The next time you're feeling triggered—let’s say when a phone call to your partner goes to voicemail—take a moment to identify the anxiety you’re feeling. Scan your body and locate where the tension lands. For me, it often manifested as a pit in my stomach or a tightness in my chest. Simply sit with that feeling for a moment, practicing mindfulness. Your nervous system’s response is irrational, but it has convinced you that you’re in danger. Place your hand on your heart and repeat, “I am safe, and I am loved.” Take deep breaths and resist the urge to act on the anxiety.

 

  1. Journal Your Thoughts


    Once you’ve calmed your anxiety a bit, grab a pen and paper and journal your thoughts and feelings. Write whatever comes to mind. Express your anger, fear, hurt—whatever is there.
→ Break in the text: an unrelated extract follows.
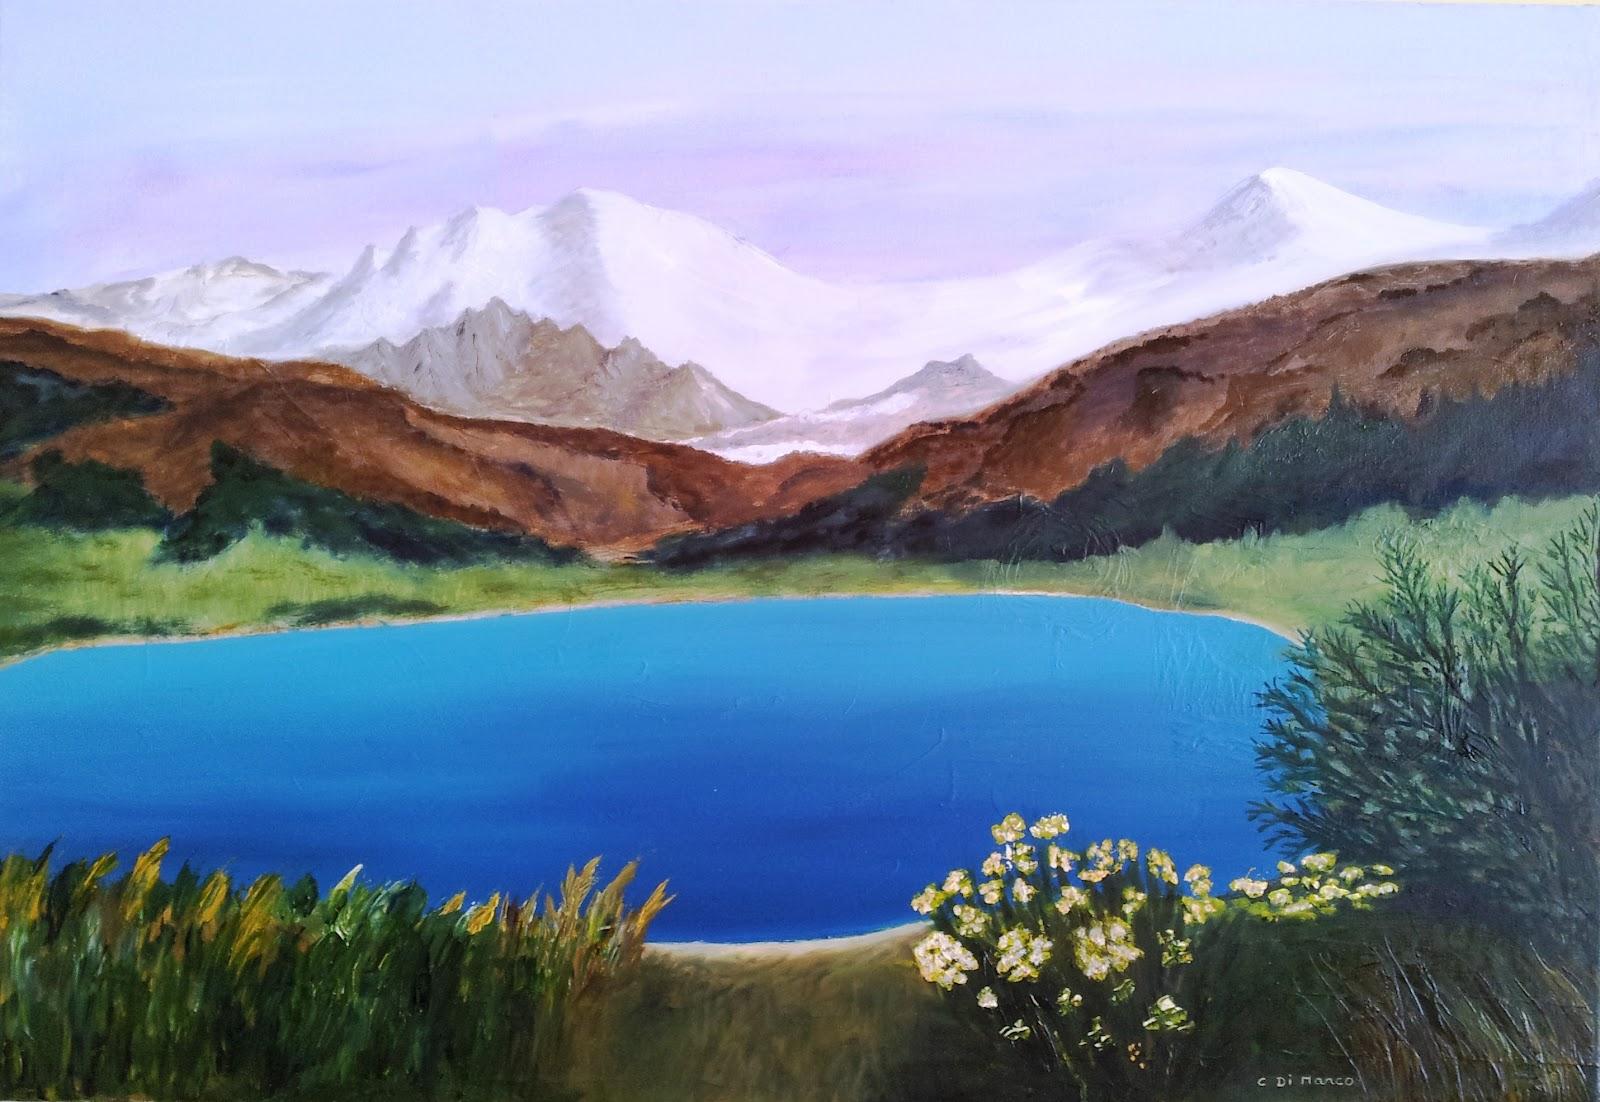 Peindre et dessiner le samedi au centre social et culturel de valmante christiane di marco - Dessin de montagne ...

Allow yourself to cry, vent, and write until you can’t write anymore. By the time you stop, you might even find that you're hungry or need to use the bathroom—essentially, you’ve moved past an impulsive reaction to your emotions. Congratulations, you’ve just avoided a potentially destructive response!

 

  1. Learn More About Attachment Styles


    The more you learn about attachment theory, the better equipped you’ll be to navigate your own healing process. I recommend reading Attached by Amir Levine and Rachel Heller or listening to my podcast episode, Exploring Attachment Styles.

 

 

Remember, attachment theory is all about trust- trusting others to meet our needs, but more importantly learning to trust ourselves to meet our own needs and the rewards are profound. As you build emotional security, you’ll experience deeper, more trusting relationships and a healthier sense of self. You can cultivate the stable, supportive connections you deserve, moving toward a more balanced and secure future.